就在两人准备互换回自己的身分证时,突然一阵鸣空枪响,所有人吓得放声尖叫,一边本能的抱头缩身,一边看向枪响来源处。
四、五个黑衣西装男拿着手枪指向在场的民众。
其中一人向前一步,大声问道:“谁是黎巧然?给我出来!”
所有人看来看去,心里都希望被叫到名字的那个人快点主动承认,免得连累到其它无辜的人。

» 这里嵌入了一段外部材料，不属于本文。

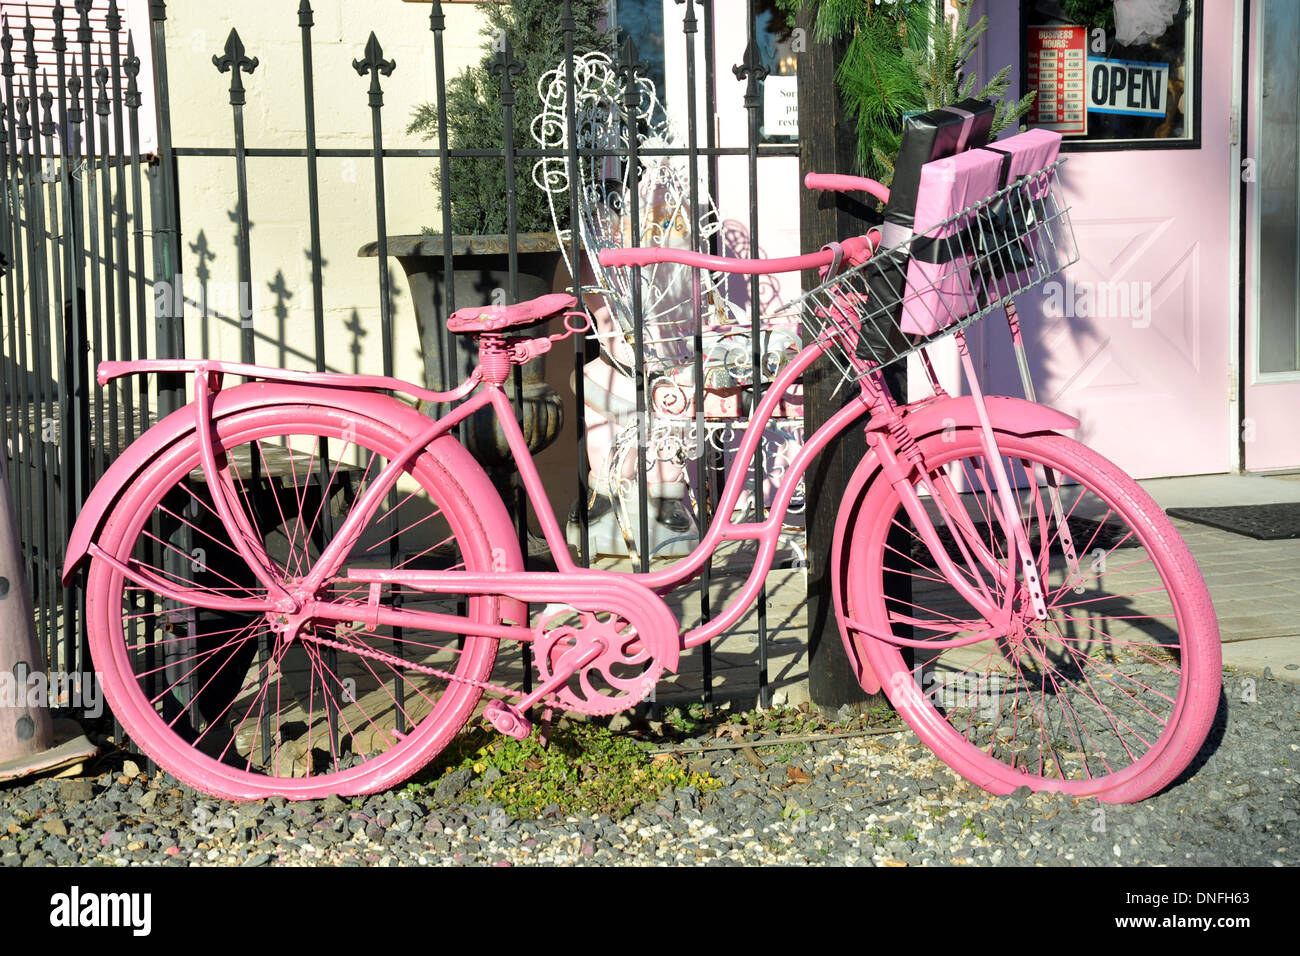 Las niñas rosa bicicleta estacionada en la verja de hierro negro con el regalo en la cesta Foto de stock

纪若宝定定地看着刚刚的女子,想到刚刚在身分证上看到的名字。
女子低着头咽了口口水,不敢看向其它人,也不敢出声。
“再问一次,谁是黎巧然?给我自己出来,否则——”西装男就近拉来刚刚被纪若宝扶着过马路的老奶奶,手枪毫不迟疑地抵在她的太阳穴上。“我就直接毙了她!”
老奶奶吓得浑身都在发抖,拐杖落地,布满皱纹的手紧紧扯住衣襟,看起来快要喘不过气了。
“还不快给我出来!”
纪若宝看着女子,女子颤抖着闭上眼,看得出来正陷入天人交战,但是老奶奶可能撑不下去了……
纪若宝一咬下唇,举起手上的身分证,站了出来。“我是!我是黎巧然!”
女子睁大眼睛,难以置信的看着为她顶替的纪若宝。
纪若宝跟她使了个眼色,暗示她不要轻举妄动。
“很好。”西装男冷笑道:“你爸是国际刑警大队长黎庆安吧!”
西装男的口气听起来挑衅多于疑问,但对纪若宝来说,现在不管怎样,只要他问的是姓黎的,她点头就对了。
“是……是的,没错。”她有点犹豫的回答,一边看向正宫本人。
女子虽然没有什么表示,但她的眼神里除了害怕,还带有惭愧跟后悔。
纪若宝微微摇头,提醒她千万不要选在这个时候后悔。
西装男放开了老奶奶,手枪改指向纪若宝,后者微微地倒抽了一口气,西装男招了招手,要她过去。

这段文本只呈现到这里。